3. Many of the commentators, particularly Dr. Orac, point out that Duesberg is overselling his hypothesis. In fact, Orac says he may comment on the article after having had a chance to read it. I would put considerable credence in any review of the article by Dr. Orac, who is a surgical oncologist.

The bottom line here is that the article should be judged on its own merits, if any, not on the fact that Duesberg is a crank on the subject of HIV/AIDS.

April 22, 2007 11:37 PM  
Blogger ERV said...

Hey thanks for the rundown Kris, and the link, slc.

I saw lincoln posted a link to the SciAm article on Taras blog, but I shrugged it off :)

April 24, 2007 12:38 AM  
Blogger Kristjan Wager said...

I have just deleted a typical AIDS/HIV-denial post by Jasper Barre, since it was basicly just an appeal to authority and contained personal attacks on me. The later was what got it deleted.

Feel free to disagree with me, but don't just parrot the same old lines about Duesberg having proven what he says. Duesberg's ideas might have had some merits to them back in the days, but now there is overwhelming evidence that he is wrong, and no supporting evidence to his ideas.

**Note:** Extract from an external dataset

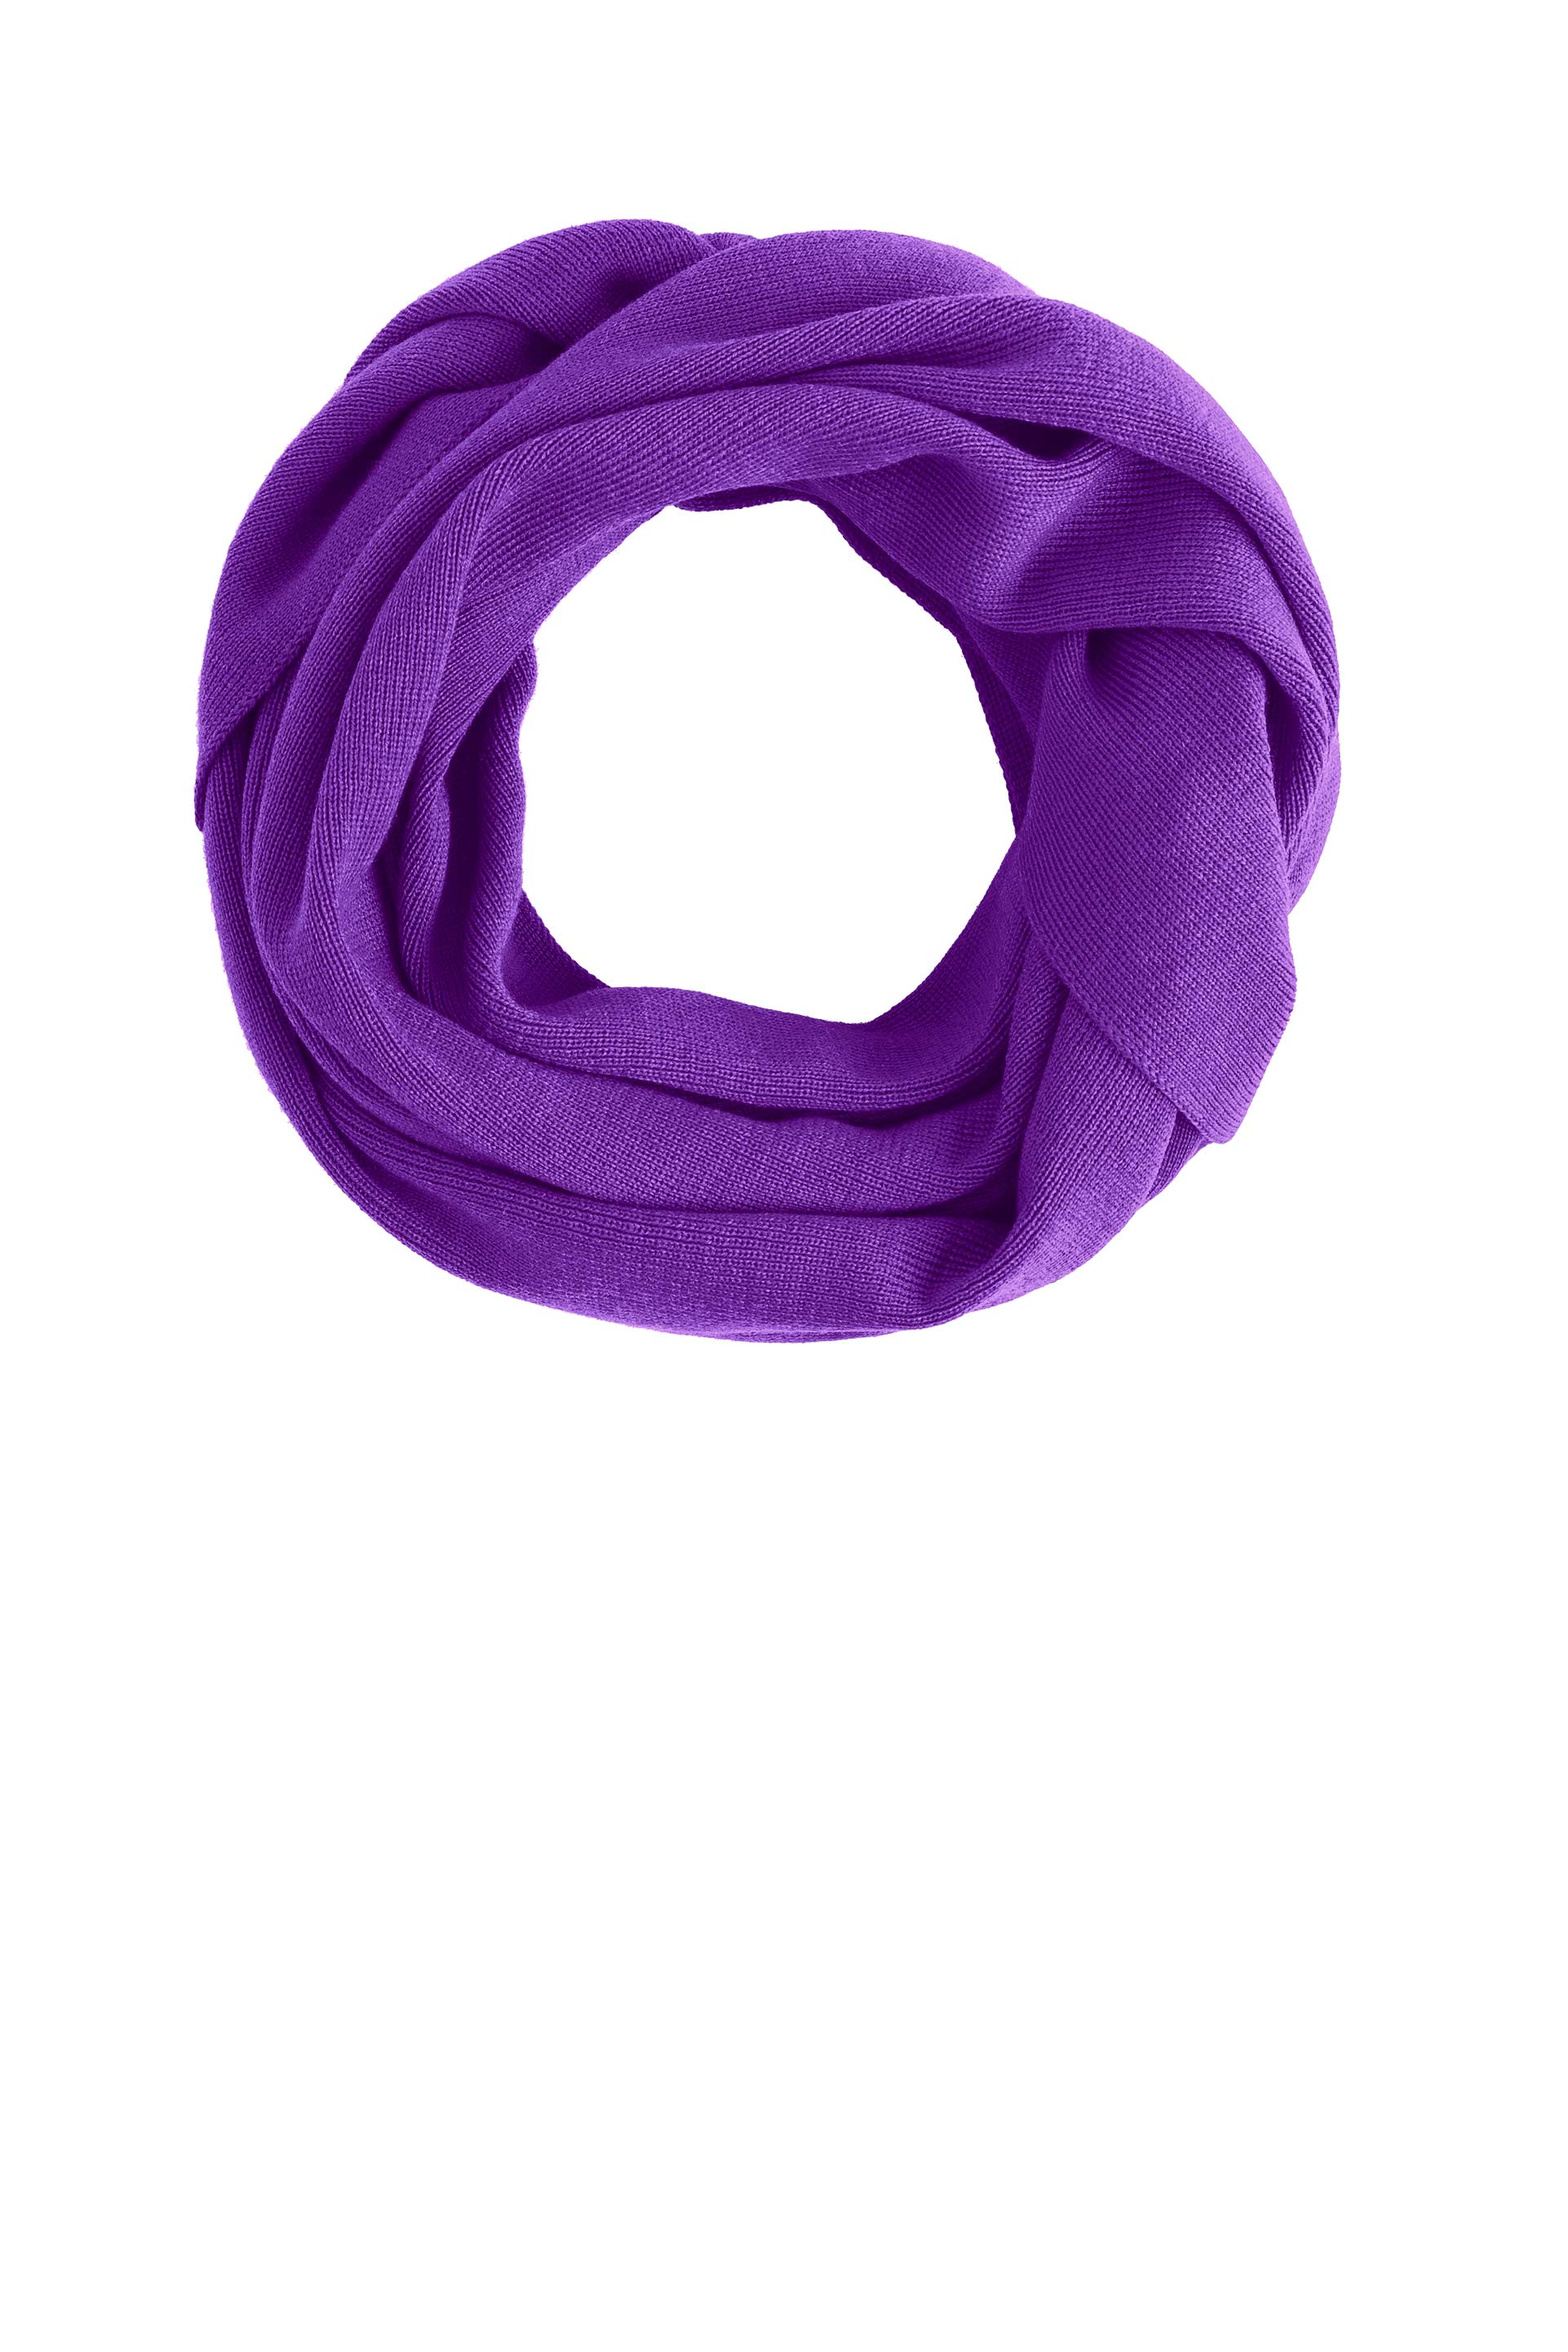 15258_merino_infinity_scarf_ultra_violet_aw20.jpg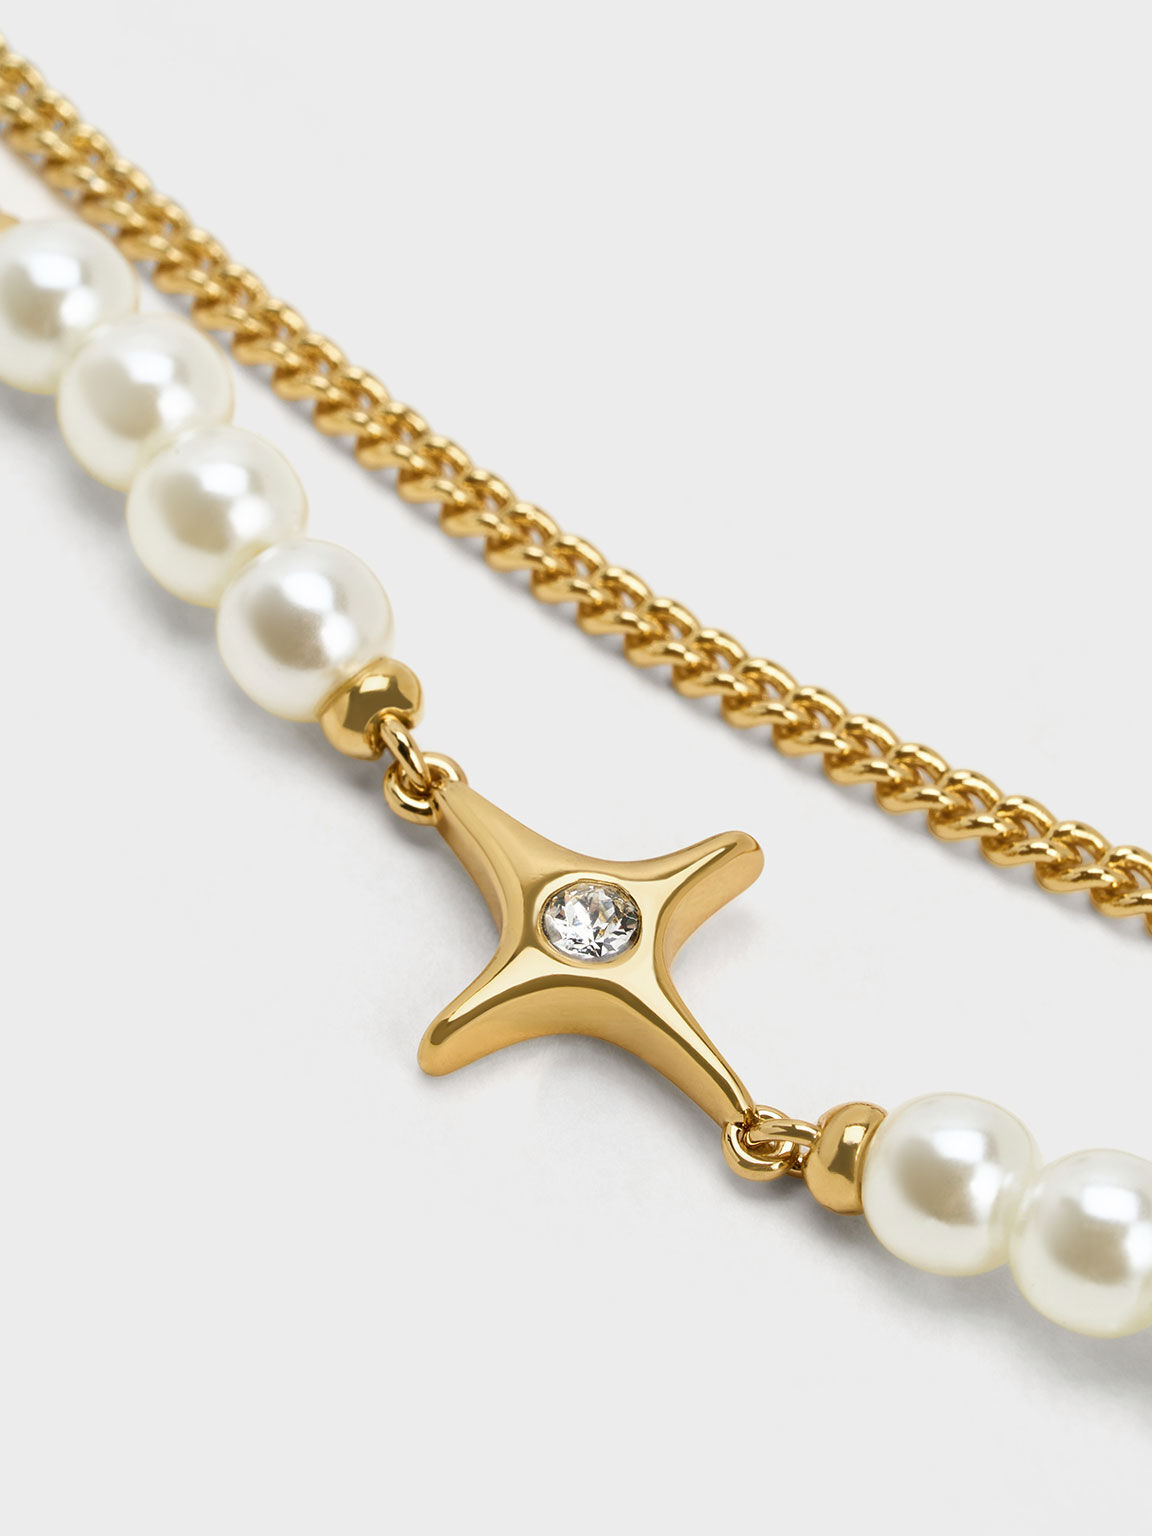 Women's steel bracelet gilded with fine gold double chain Valentine's heart

And don't imply that I am dishonest (the part in question was: "So, you if you are an honest man, you should retract your false statement"), or generally insult me.

Jasper Barre is welcome to comment again if he can keep personal attacks out of it (and preferably stop making HIV/AIDS-denial talking points). As the comments by SLC shows, I have no problem with people disagreeing with me.

April 25, 2007 7:39 AM  
Anonymous Jasper Barre said...

Mr. Wager wrote:

My objections to the Scientific American article is that it's about one of Duesberg hypothesis before there is any supporting evidence has come to light

This is another false statement.

Much evidence has come out to support the aneuploidy hypothesis.